Recipient of the Victoria Cross

Private James Stokes VC (6 February 1915 – 1 March 1945) was a British Army soldier and a Scottish recipient of the Victoria Cross, the highest and most prestigious award for gallantry in the face of the enemy that can be awarded to British and Commonwealth forces.

==Details==
Stokes was 30 years old, and a private in the 2nd Battalion, King's Shropshire Light Infantry, British Army during the Second World War. He was killed in action on 1 March 1945, in Kervenheim, Rhineland, Germany where his actions earned him the Victoria Cross.
In Germany, on 1st March, 1945, during an attack on Kervenheim, Private Stokes was a member of the leading section of a platoon pinned down by heavy fire from a farm building. Without waiting for orders Private Stokes dashed through the enemy fire, to disappear inside this building. The fire stopped, and he reappeared, wounded in the neck, bringing with him twelve prisoners.

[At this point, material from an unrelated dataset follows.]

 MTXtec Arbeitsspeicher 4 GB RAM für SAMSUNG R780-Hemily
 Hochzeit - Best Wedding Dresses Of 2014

This valiant action enabled the platoon to advance to the next objective. Private Stokes was ordered back to a Regimental Aid Post, but refused to go. The platoon then encountered heavy fire from a house on the left. Again without waiting for orders, Private Stokes rushed the house by himself and all firing from it ceased. His gallantry enabled his platoon, which he subsequently rejoined bringing five more prisoners, to continue the advance. In the final assault Private Stokes, now severely wounded, once more dashed to the objective through intense fire. He finally fell, firing his rifle to the last. It was found that he had been wounded eight times in the upper part of the body. Private Stokes's one object throughout this action was to kill the enemy, at whatever personal risk. His magnificent courage, devotion to duty, and splendid example inspired all around him, and ensured the success of the attack at a critical moment; moreover, his self-sacrifice saved his Platoon and Company heavy casualties.